Yes, you guessed correctly where the above came from.

> That sometimes makes it hard to find
> the problematic test, especially if you're running via something like
> "prove", because it doesn't make valid TAP output.

Yeah, true.

> It might be nicer if we just said "this test is malformed, and therefore
> fails", and then you get all the usual niceties for recording and
> finding the failed test.
>
> I don't think it would be robust enough to try to propagate the error up
> to the outer test_expect_success block (and anyway, you'd also want to
> know about it in a test_expect_failure block; it's a bug in the test,
> not a known breakage). But perhaps error() could dump some TAP-like
> output with a "virtual" failed test.
>
> Something like:
> ...
> which lets "make prove" collect the broken test number.
>
> It would perhaps need to cover the case when $test_count is "0"
> separately. I dunno. It would be nicer still if we could continue
> running other tests in the script, but I think it's impossible to
> robustly jump back to the outer script.
>
> These kinds of "bug in the test suite" are presumably rare enough that
> the niceties don't matter that much, but I trigger the &&-checker
> reasonably frequently (that and test_line_count, because I can never
> remember the correct invocation).
>
> Anyway. That's all orthogonal to your patch. I just wondered if we could
> do better, but AFAICT the right way to do better is to hook into
> error(), which means your patch would not have to care exactly how it
> fails.

Yeah, the change to error() may be a good thing to do, but it has
quite a many callers in t/*lib*.sh and definitely deserves to be a
separate patch, not tied to this single test.


Re: [RFC] test-lib: detect common misuse of test_expect_failure

2016-10-14 Thread Jeff King
On Fri, Oct 14, 2016 at 03:38:41PM -0700, Junio C Hamano wrote:

> It is a very easy mistake to make to say test_expect_failure when
> making sure a step in the test fails, which must be spelled
> "test_must_fail".  By introducing a toggle $test_in_progress that is
> turned on at the beginning of test_start_() and off at the end of
> test_finish_() helper, we can detect this fairly easily.
> 
> Strictly speaking, writing "test_expect_success" inside another
> test_expect_success (or inside test_expect_failure for that matter)
> can be detected with the same mechanism if we really wanted to, but
> that is a lot less likely confusion, so let's not bother.

I like the general idea, but I'm not sure how this would interact with
the tests in t that test the test suite.
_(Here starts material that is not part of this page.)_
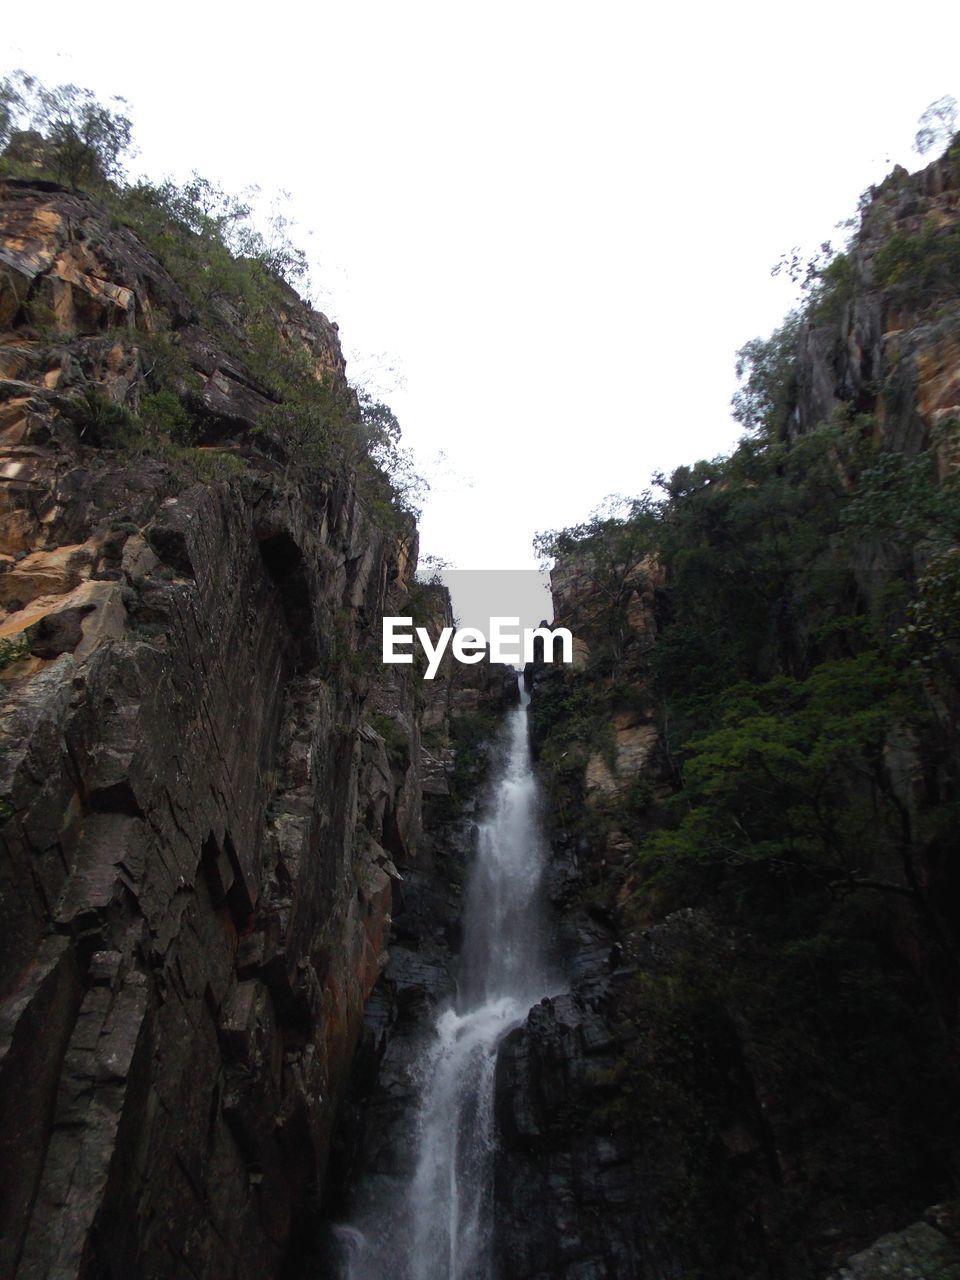 Waterfall between rocks

It looks like that always
happens in a full sub-shell invocation (via run_sub_test_lib_test), so
we're OK as long as test_in_progress is not exported (and obviously the
subshell cannot accidentally overwrite our variable with a 0 when it is
finished).

> diff --git a/t/test-lib-functions.sh b/t/test-lib-functions.sh
> index fdaeb3a96b..fc8c10a061 100644
> --- a/t/test-lib-functions.sh
> +++ b/t/test-lib-functions.sh
> @@ -381,6 +381,10 @@ test_verify_prereq () {
>  }
>  
>  test_expect_failure () {
> + if test "$test_in_progress" = 1
> + then
> + error "bug in the test script: did you mean test_must_fail 
> instead of test_expect_failure?"
> + fi

This follows existing practice for things like the &&-lint-checker, and
bails out on the whole test script. That sometimes makes it hard to find
the problematic test, especially if you're running via something like
"prove", because it doesn't make valid TAP output.

It might be nicer if we just said "this test is malformed, and therefore
fails", and then you get all the usual niceties for recording and
finding the failed test.

I don't think it would be robust enough to try to propagate the error up
to the outer test_expect_success block (and anyway, you'd also want to
know about it in a test_expect_failure block; it's a bug in the test,
not a known breakage). But perhaps error() could dump some TAP-like
output with a "virtual" failed test.

Something like:

diff --git a/t/test-lib.sh b/t/test-lib.sh
index 11562bd..dc6b1f5 100644
--- a/t/test-lib.sh
+++ b/t/test-lib.sh
@@ -299,9 +299,8 @@ TERM=dumb
 export TERM
 
 error () {
-   say_color error "error: $*"
-   GIT_EXIT_OK=t
-   exit 1
+   test_failure_ "$@"
+   test_done
 }
 
 say () {
@@ -600,7 +599,7 @@ test_run_ () {
# code of other programs
test_eval_ "(exit 117) && $1"
if test "$?" != 117; then
-   error "bug in the test script: broken &&-chain: $1"
+   error "bug in the test script: broken &&-chain" "$1"
fi
trace=$trace_tmp
fi

which lets "make prove" collect the broken test number.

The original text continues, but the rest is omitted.